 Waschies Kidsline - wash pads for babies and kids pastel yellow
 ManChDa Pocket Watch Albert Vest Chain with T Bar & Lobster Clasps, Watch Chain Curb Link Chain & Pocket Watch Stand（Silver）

--

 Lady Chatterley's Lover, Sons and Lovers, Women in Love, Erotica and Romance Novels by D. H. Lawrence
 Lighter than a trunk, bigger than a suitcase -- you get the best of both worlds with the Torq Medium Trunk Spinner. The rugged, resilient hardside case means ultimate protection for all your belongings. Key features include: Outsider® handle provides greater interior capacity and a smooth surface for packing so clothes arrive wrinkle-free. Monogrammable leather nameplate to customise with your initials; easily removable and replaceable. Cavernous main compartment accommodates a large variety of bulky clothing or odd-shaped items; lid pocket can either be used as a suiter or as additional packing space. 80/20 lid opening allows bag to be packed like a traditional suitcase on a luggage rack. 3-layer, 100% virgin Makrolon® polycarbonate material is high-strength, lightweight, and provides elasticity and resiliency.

EXERCISE OBJECTIVE:
From the records above, extract exactly and only the lines that begin at the line with "Waschies Kidsline - wash" and stop after the line with "ManChDa Pocket Watch".

RESULT OF THE TASK:
 Waschies Kidsline - wash pads for babies and kids pastel yellow
 ManChDa Pocket Watch Albert Vest Chain with T Bar & Lobster Clasps, Watch Chain Curb Link Chain & Pocket Watch Stand（Silver）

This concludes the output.